Green fingers in the city: urban farming in Amsterdam

Apples growing in an Amsterdam street. Photo:
Apples growing in an Amsterdam street. Photo:

Amsterdam is a crowded city. In between the canal houses and bike racks you may have spotted the occasional flowerbed or tomato pot. But agriculture in the city is thriving and as local gardens bring in their harvests, Molly Quell looks into the state of urban farming.

One especially hot July day, 13 students from as far as Singapore trampled through a garden in Amsterdam Noord. As it was summer holiday, the university students missed the usual gardeners, a group of nine and 10-year-olds from a nearby primary school.

The students were participating in a month-long graduate course called The Urban Food Experience offered by the University of Amsterdam. As part of the course they were touring Voedseltuin IJplein, one of the many community gardens in the city. In fact Amsterdam has 188 registered city gardens, ranging from small community herb gardens to a football pitch full of pigs.


The idea of farming small plots of land isn’t new to the Netherlands. The country distributed its first allotment gardens to working-class families in 1838, so people could grow their own vegetables. Over 6,000 such units in Amsterdam are now used primarily for recreation, but there are still a lot of keen veg growers about.

And not all city veg growers are pensioners either. School gardens are a common part of primary school life in Amsterdam. Parents will tell stories of fobbing off baskets of courgettes onto their neighbours because they did not know what to do with them all. The city has 13 official school gardens registered, but many other schools work together with community gardens to give their pupils a sense of the soil.

Harvesting potatoes in the school gardens. Photo: Bert Verhoeff / HH
Harvesting potatoes in the school gardens. Photo: Bert Verhoeff / HH

Local schools aren’t alone in seeing the value of teaching their students about agriculture. Lynn Shore, who manages a herb garden in the west of the city, also teaches at the British School of Amsterdam. ‘Sometimes I find that it helps to get through to pupils if they have spent some time in the nature, just playing in the dirt,’ she says.

Local restaurants

While school pupils work on the IJplein gardens, the entire space is overseen by a group of volunteers. One-third of the harvest from this particular community garden is given to the volunteers who take care of the space, another third is donated to a food bank and the final third is given to a restaurant which, in turn, offers large discounts to local residents who are economically disadvantaged. The garden produces a wide range of produce, from carrots to kale. It even has fruit trees and bees.
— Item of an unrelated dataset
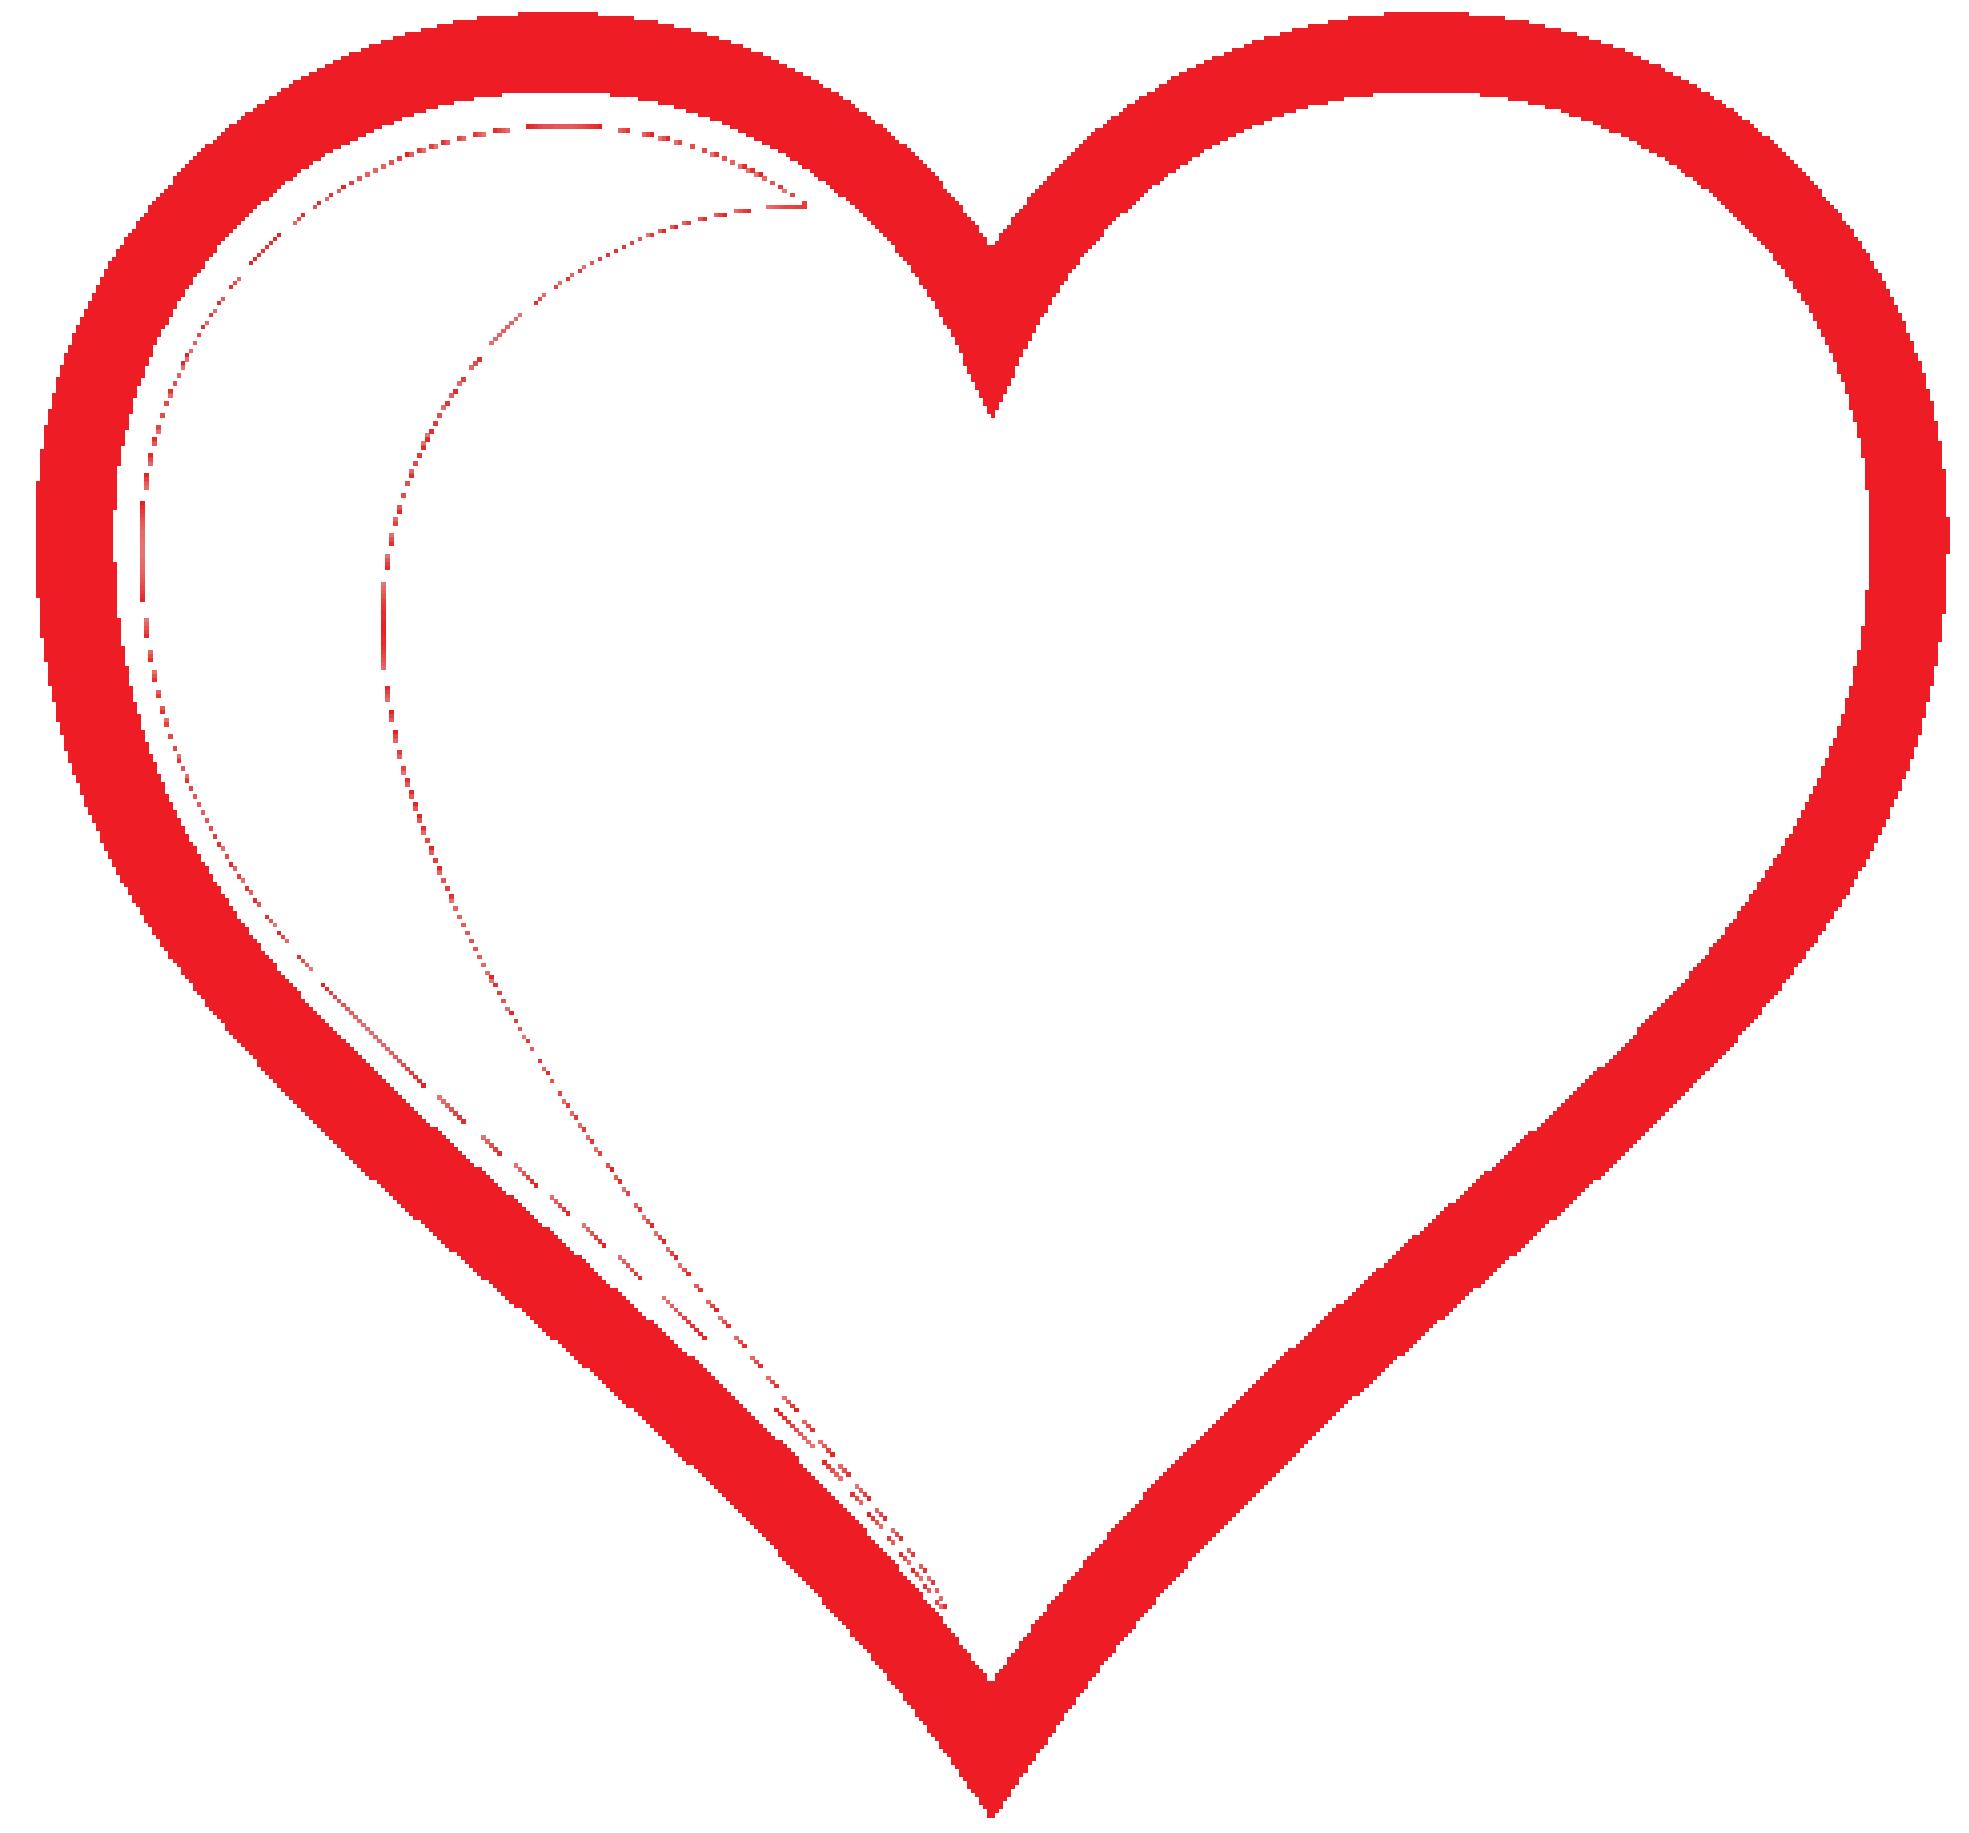 imagen de corazon - 640×640

More than producing food, the purpose of many of these gardens is to bring together members of the community. ‘It’s great to be in the city but still be able to get your fingers into the earth,’ said one of the group’s volunteers.

Food security

Courses like The Urban Food Experience have become popular in recent years. According to Jan-Eelco Jansma, a researcher in urban-rural relations at Wageningen University, consumers started to become more and more interested in where their food came from 10 years ago.

Farmers, meanwhile, began to realise that selling their produce locally reduced transportation costs and was thus more economically attractive. As concerns grew about climate change and food security, more and more residents in Amsterdam began to grow their own food.

Urban farming in Amsterdam. Photo: Molly Quell
Urban farming in Amsterdam. Photo: Molly Quell

Regardless of interest, Jansma’s research shows that a city like Amsterdam could only ever grow around 10% of the food it needs. ‘But today Amsterdam is much closer to 0% than 10%,’ he says, so there’s ample room for expansion.

And this is just what the city is trying to encourage. Amsterdam already offers an urban garden subsidy of up to €5,000 and is planning to bring in a second one specifically targeted at community gardens.


The IJplein project relies on both subsidies from the city, grants from foundations and private sponsorship. It was started with an initial grant from Shell. Shore’s herb garden relies mostly on small subsidy support. ‘We have had some money from the city, but mostly for community and neighbourhood activities,’ says Shore.

Meanwhile, the Food Village project aims to be financially viable through sales of its produce. The concept has been put together by Creative Labs and is housed on the grounds of a former refugee centre in Amsterdam North. The pigs themselves were crowdfunded, with each backer getting their return in pork chops and bacon. The Village is more than a garden, with cooking spaces, exhibition areas and a restaurant.

From herb gardens to football pitches of pigs, that empty lot on the corner of your neighbourhood could be filled with a lot more than stray rubbish and weeds.